Nobel Laureate economist James M. Buchanan passed away on January 9, 2013, at the age of ninety-three. We want to reflect on some of his key contributions to classical liberalism. In this introduction, I provide some background on Buchanan's life and touch upon some of the main writings and themes in his research program to provide context to the articles that follow in this issue.
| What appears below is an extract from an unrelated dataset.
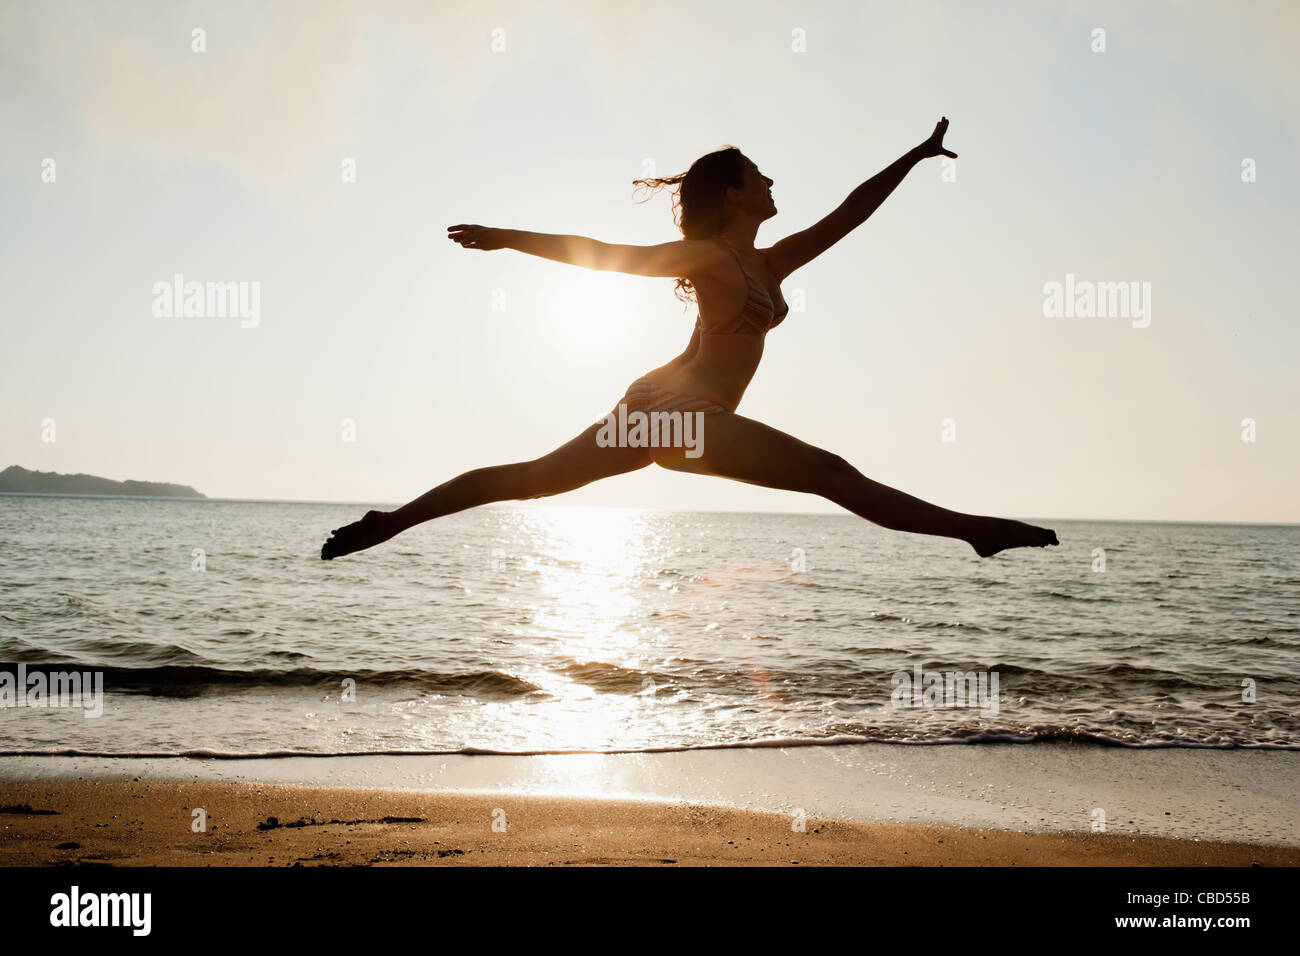 Woman leaping over waves on beach Stock Photo
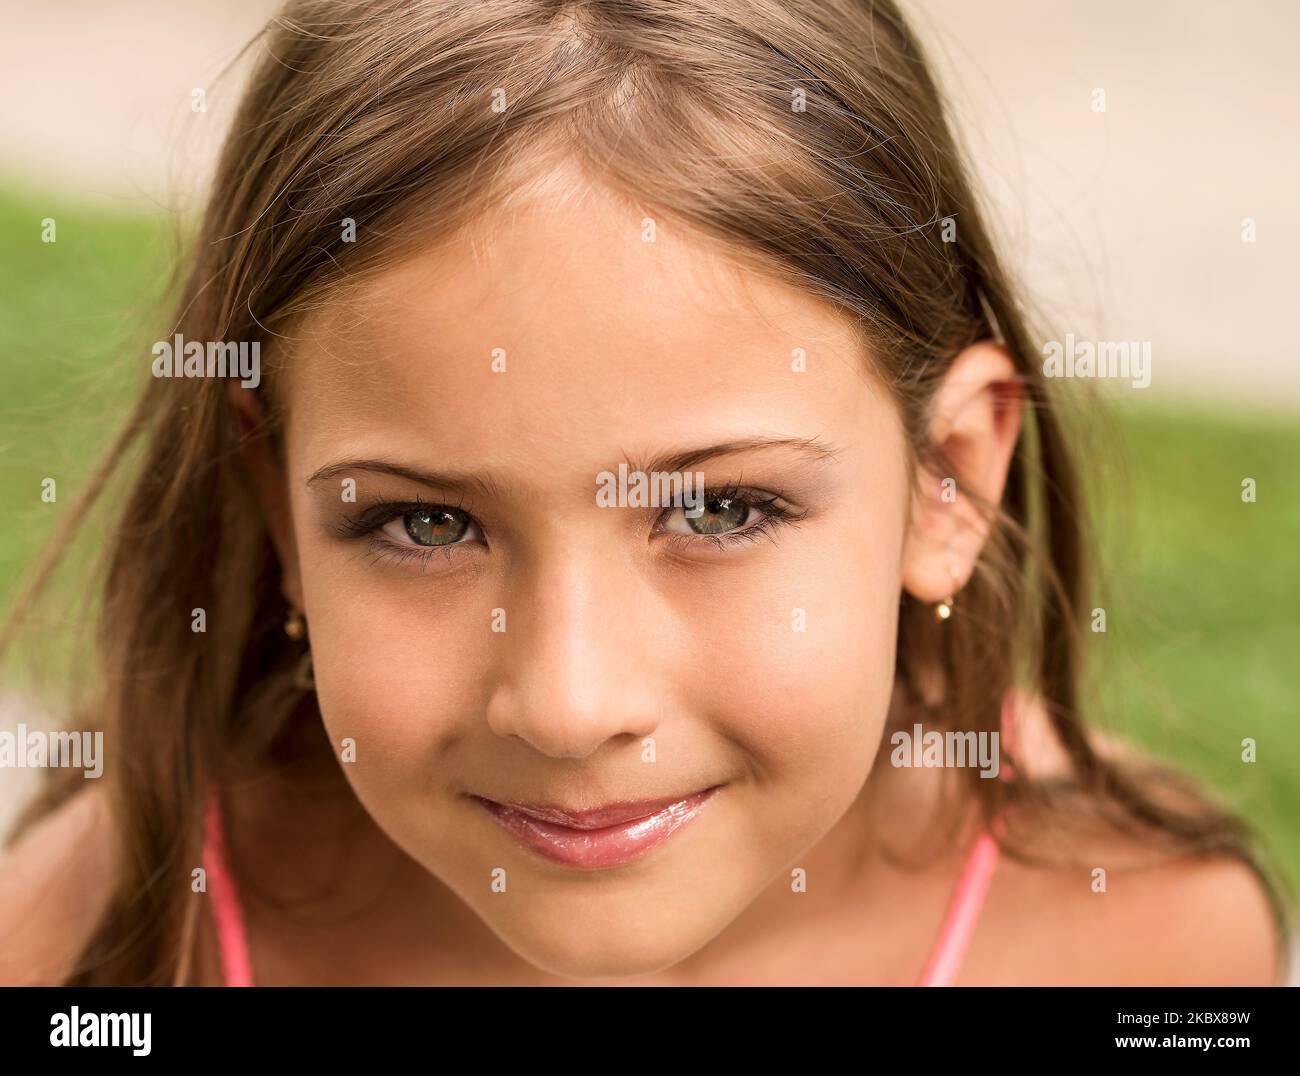 Portrait of a cute happy girl with blue eyes and a beautiful smile Stock Photo

James McGill Buchanan was born in Murfreesboro, Tennessee, in 1919. He attended Middle Tennessee State College, where he earned a B.A. in 1940, followed by an M.S. from the University of Tennessee at Knoxville in 1941. In that same year, Buchanan was drafted into the United States Navy, serving until 1945. He then returned to school, earning a Ph.D. in economics from the University of Chicago in 1948. Upon graduation from Chicago, he held teaching positions at the University of Tennessee (1950-51) and Florida State University (1951-56). Following his time at Florida State, he spent twelve years at the University of Virginia (1956-69), where he cofounded (with Warren Nutter) the Thomas Jefferson Center for Studies in Political Economy in 1957. After a year at the University of California at Los Angeles in 1969, Buchanan joined the faculty at Virginia Polytechnic Institute (1969- 83), where he established, along with Gordon Tullock, the Center for the Study of Public Choice. In 1983, he moved with the Public Choice Center to George Mason University, where he would spend the rest of his career. At all three universities, the University of Virginia, Virginia Polytechnic Institute, and George Mason, he showed a remarkable combination of individual innovation and collaborative institution building. He was awarded the Nobel Prize in Economics in 1986 "for his development of the contractual and constitutional bases for the theory of economic and political decision- making" ("James M. Buchanan" n.d.).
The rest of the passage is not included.